INSTRUCTIONS FOR THE TASK ▸ All lines in the records below from the line with "Aloe Vera Bamboo" through the line with "Fred Lesher letter" are to be given again exactly, both ends included; the pictures are to be left out.

RECORD EXCERPTS ▸
#####
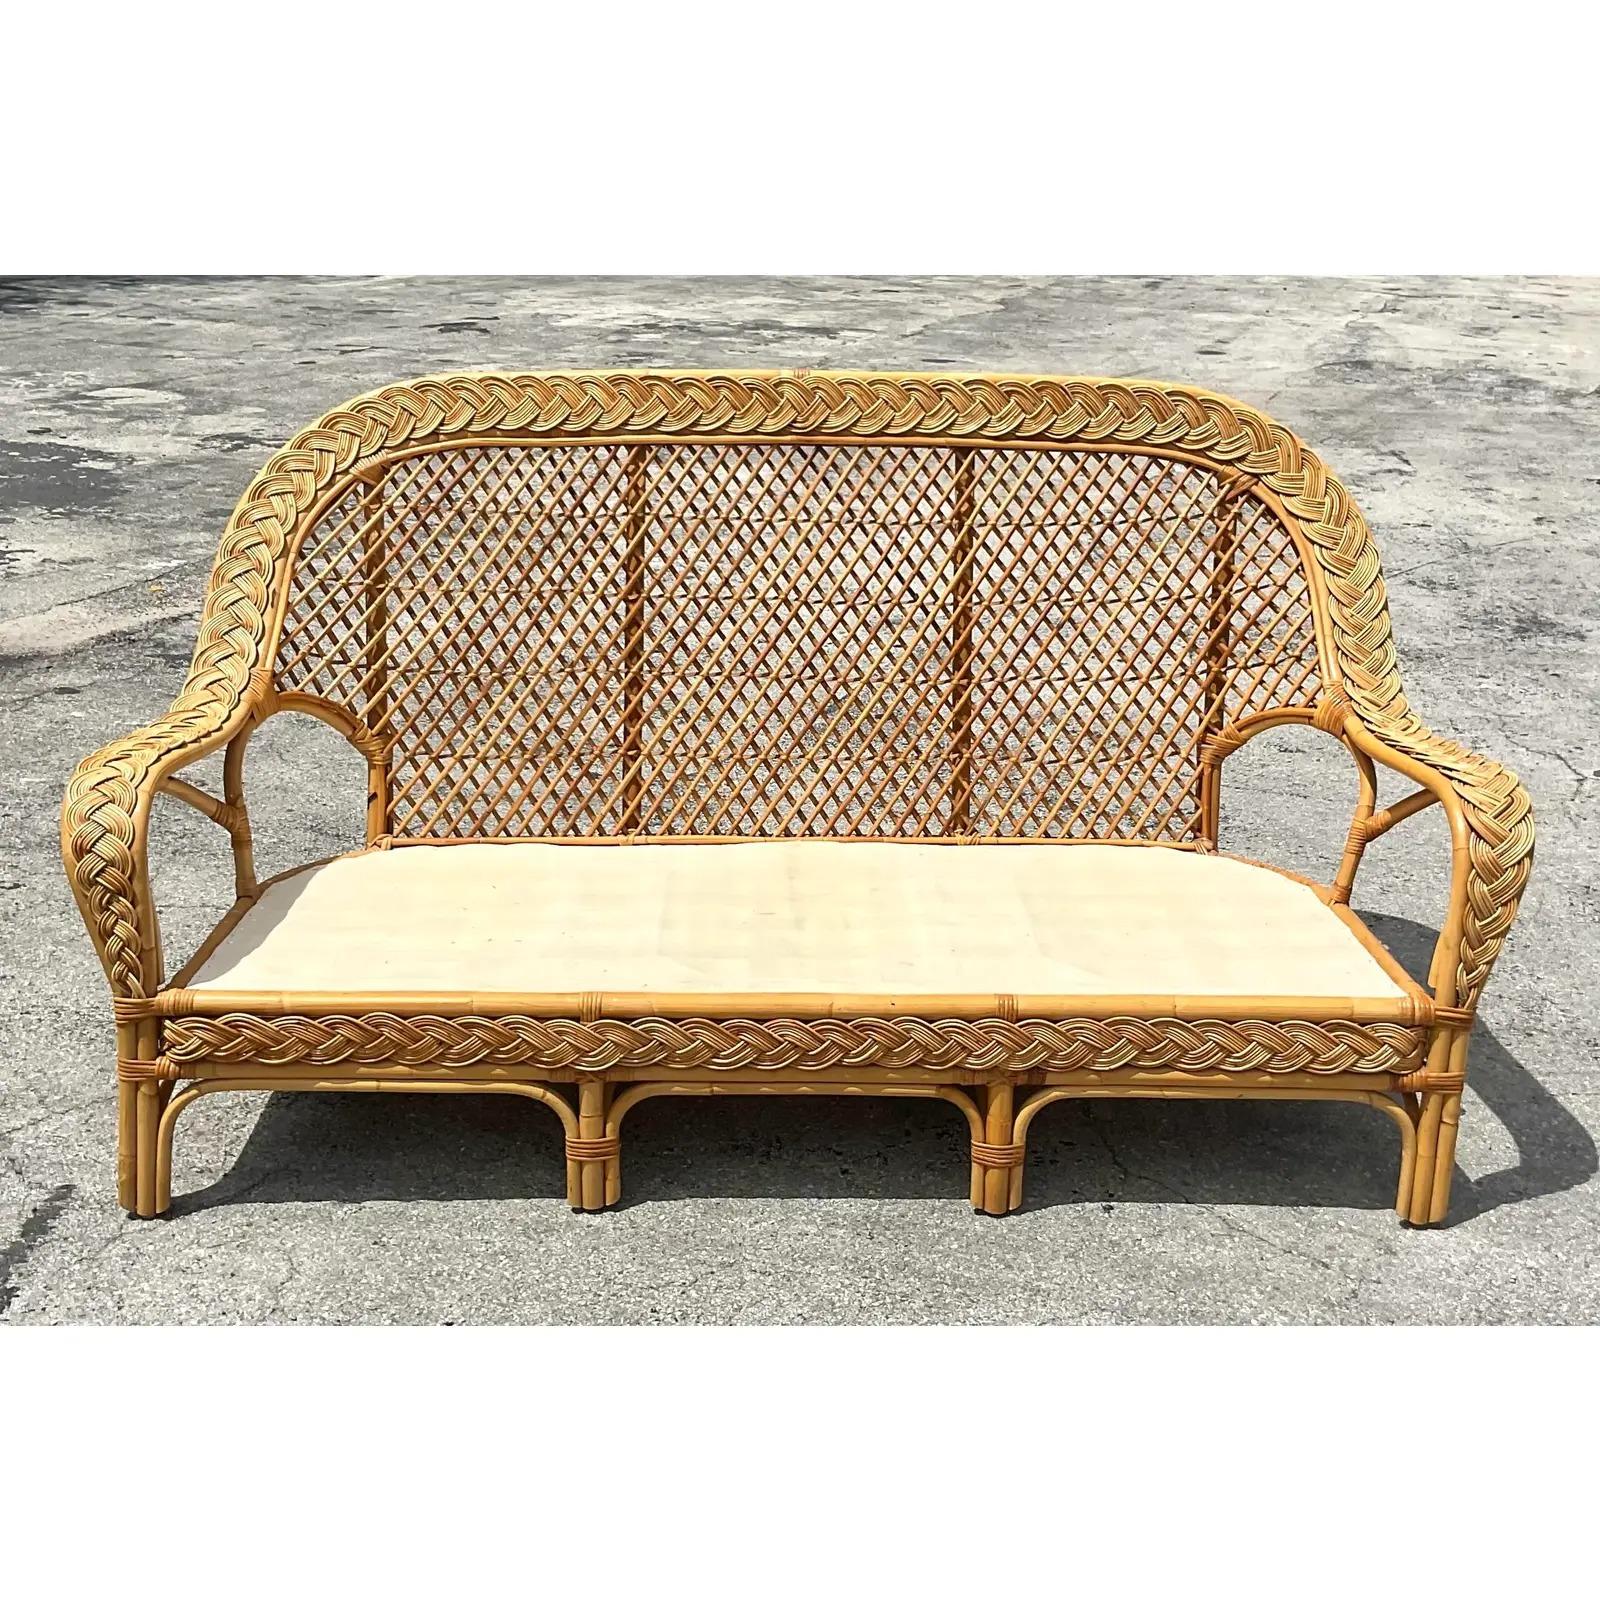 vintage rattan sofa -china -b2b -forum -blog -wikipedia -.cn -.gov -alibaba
#####
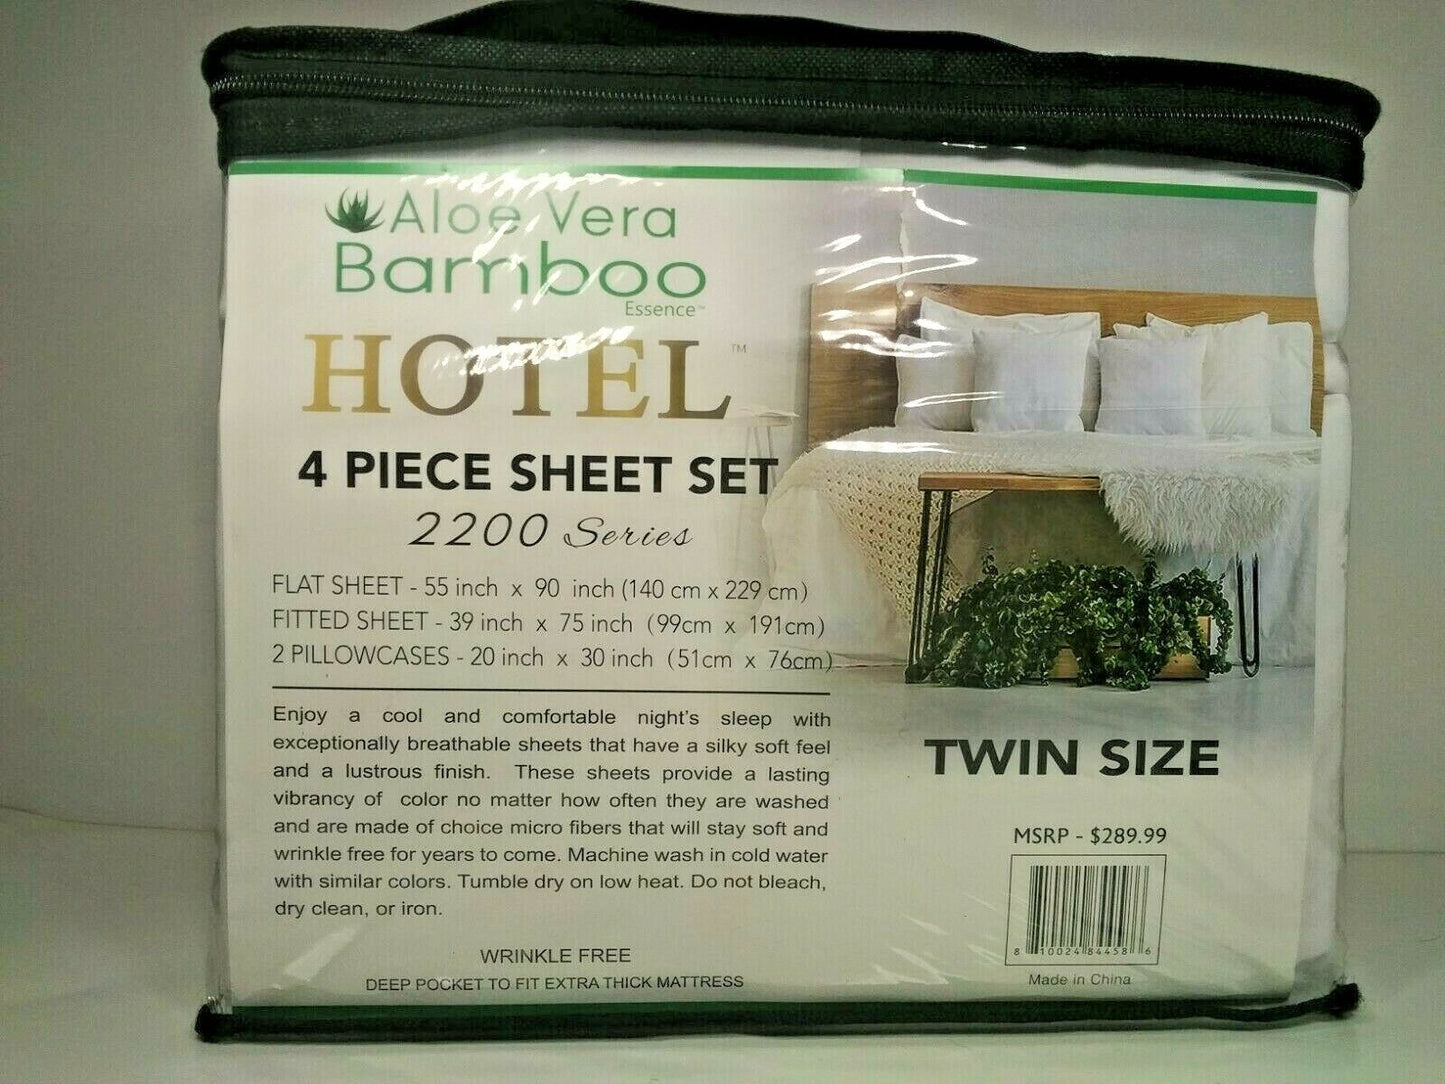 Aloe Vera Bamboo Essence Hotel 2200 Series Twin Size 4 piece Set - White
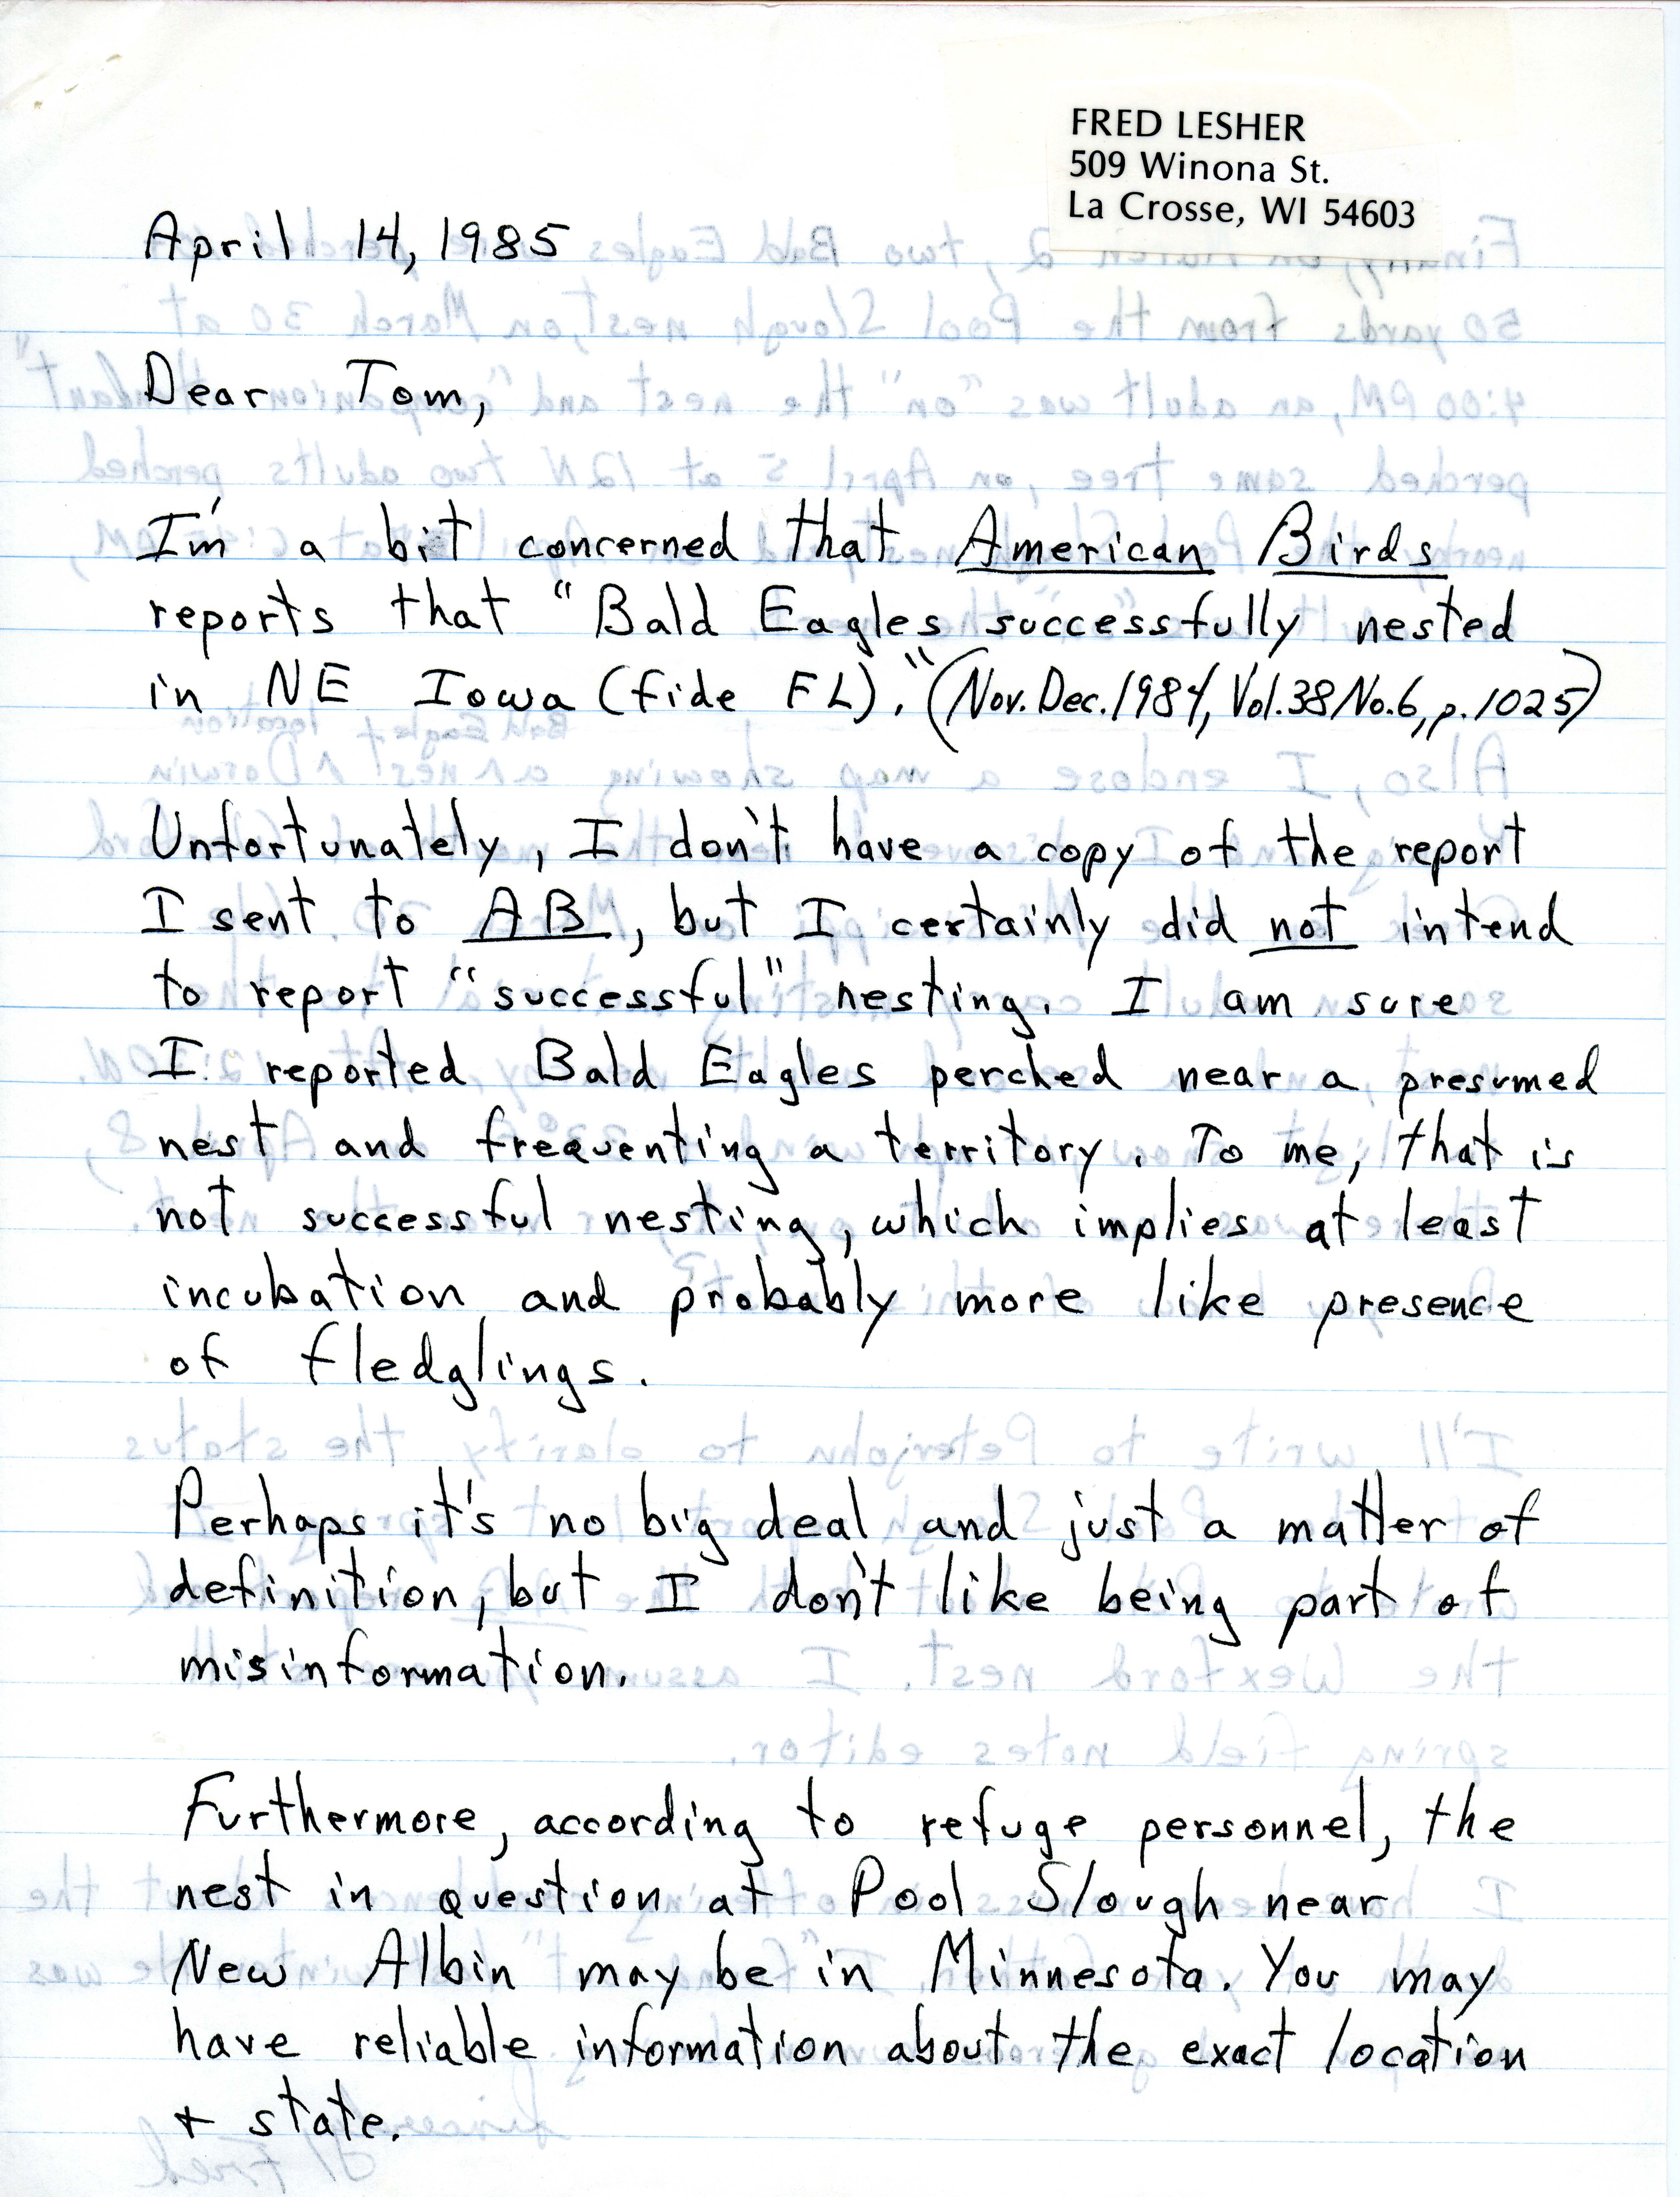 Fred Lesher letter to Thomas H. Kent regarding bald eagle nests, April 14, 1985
#####
SOLUTION BELOW ▸
 Aloe Vera Bamboo Essence Hotel 2200 Series Twin Size 4 piece Set - White
 Fred Lesher letter to Thomas H. Kent regarding bald eagle nests, April 14, 1985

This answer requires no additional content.